Four Observations about the Fate of the Chinese Communist Party
Today, only a few communist parties remain in power around the world. China, of course, is the largest country still ruled by a communist party, and the Communist Party of China (CCP) is the largest party, with 64 million party members. Yet, what is its future? In the aftermath of the Sixteenth National Conference of the CCP, I visited China and concluded that, while the CCP is still in control of the country, its power is diminishing, its reputation is declining, the party branch at work units is paralyzed, Chinese elite are escaping from the party and the communist faith is disappearing. Even through the party has managed to survive into the 21st century, few Chinese people even within the party truly believe in communism. The majority of the Chinese people see the potential for a serious crisis ahead.

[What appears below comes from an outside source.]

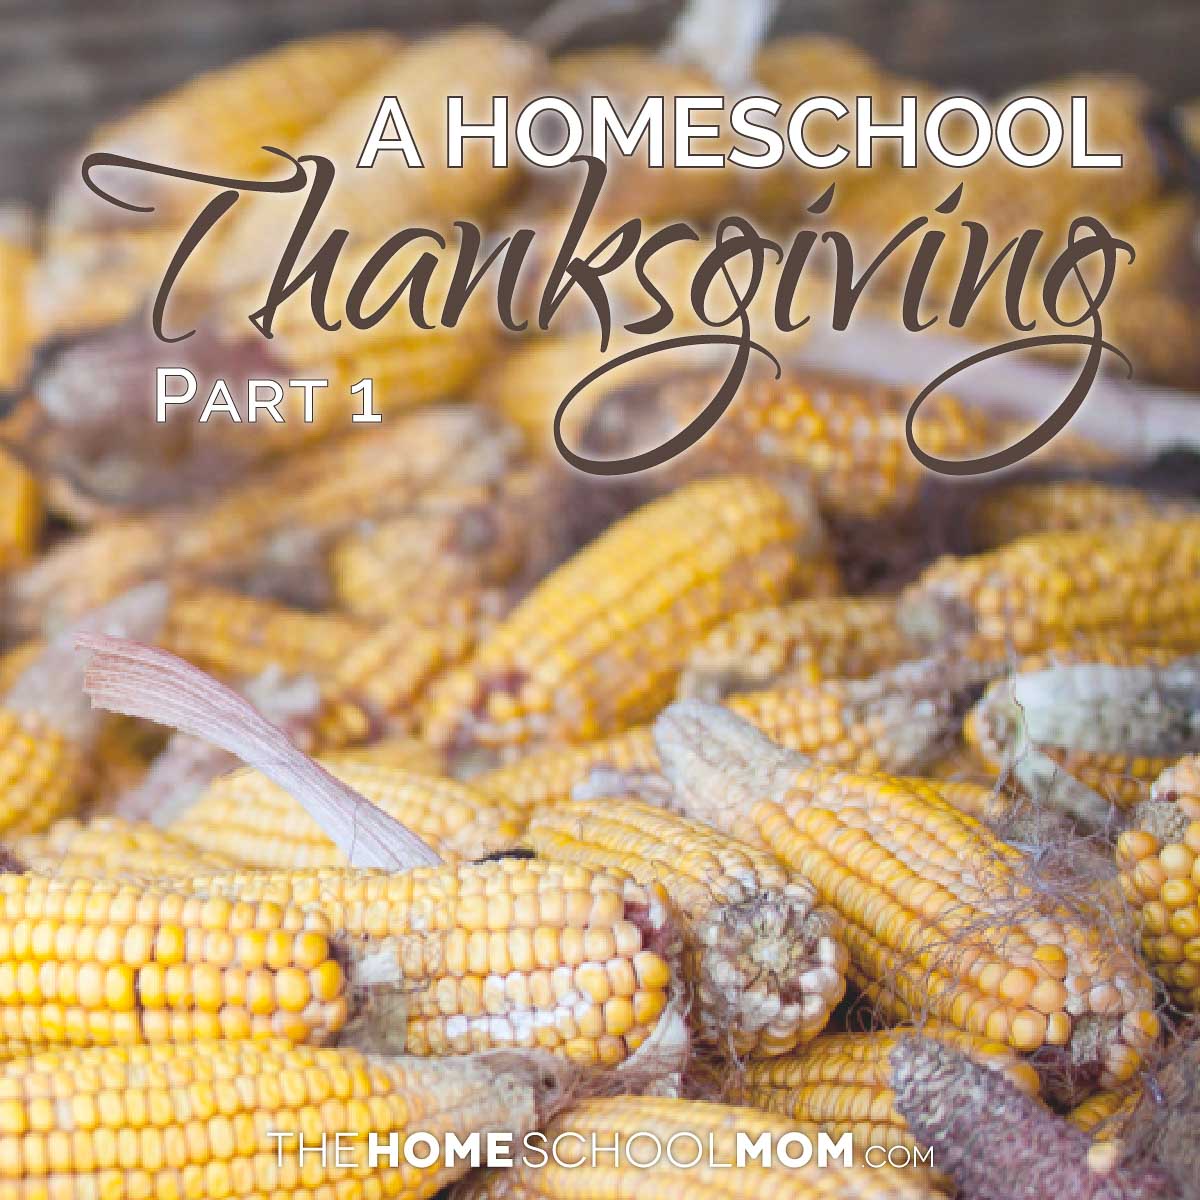 Dried corn in a corn crib with text A Homeschool Thanksgiving Part 1 TheHomeSchoolMom.com

Observation One: The Party is Disappearing From Sight
Before the reform movement, the CCP was the supreme power, controlling all aspects of Chinese society. The authority of the party was not only reflected in its organizations, but it was made visible as well. There were posters at roadsides and in public places; signboards proclaiming the location of party branches were displayed at the front of every work unit. They were as common in China as the signs for McDonalds and gasoline stations are in the United States . TV and movies were filled with images of the CCP at work. The Party was everywhere.
On this trip, my first stop in China was Shanghai . It was about 20 miles from Pudong International Airport to my hotel. On the way, I kept a close watch on the roadside, yet found no monuments or billboards concerning the party; in fact, I saw nothing except innumerable commercial advertisements. I traveled by bus from Shanghai to Nanjing through Zheng Jiang, Changzhou , and Suzhou , the most developed regions in China , and then took the train coming back from Nanjing to Shanghai . Throughout my travels, I found that the visible signs of the party have been completely replaced by commercial buildings, housings, shopping malls, and commercial signs and advertisements. In these cities, I spent at least two days walking on the street and trying to find visible signs of the party's existence, but failed. All signboards of the party at the front of work units, companies, factories, hospitals, schools, universities, department stores, grocery stores, and residential committees had disappeared. (The only exception was signs advertising the offices of the party committees at the district level or higher.)
If I were not native Chinese, I might not realize that China is still officially a communist country. Whether termed "socialist" or "capitalist," the market economy in China is greatly expending. And, as the market expands, the party loses territory. If China continues its rapid pace of marketization, the time will soon come when the party's monopoly on political power will be over as well.
Observation Two: Party Cadres Are Working Second Jobs
In the past, the main cadres of every party branch at a workplace took full-time positions, engaging in so-called political and ideological work. In previous years, many people were eager to get this kind of appointment because these jobs were easy and came with great privileges. An acquaintance of mine, a Mr. Tang, was a faithful party member and joined the party at 18 years old (according to the Constitution of the CCP, the age of 18 is the minimum age to join the party). He had risen through the ranks to become the party committee (chair) at a factory. I remembered that his office was the most luxurious one, symbolizing his authority over the factory's operation. I followed the well-remembered path to his office, but I arrived to discover that Mr. Tang no longer occupied that office; he had been displaced by the general manager of the factory. (My assumption is that given the economic reforms, the manager was now truly in charge of the factory's operation.) I went in search of Mr. Tang and finally located his office--the last door on the third floor. Knocking on the door and waiting for a while, he finally opened the door and led me in. He told me that he "asked" for this office, as it was quiet. "What are you doing?" I asked directly--in the past, his office would have been open and filled with visitors, petitioners and so on.
"You can figure out what I am doing, even if you haven't lived in China for a long time."
"You must be doing something for yourself, I guess."
"Yes, I am doing my second job, chao gu (playing stock)." He continued, "I have no choice. I try my best, but I am preparing for the worst before my position is eliminated. You know that gai zhi (the change in ownership of enterprises) has been going forward on a large scale. The government requires all small and medium-sized enterprises to go private. This reform will be completed by the end of this year. Nobody knows what roles the party will have to play in work units. So my job is unstable and my future is unpredictable."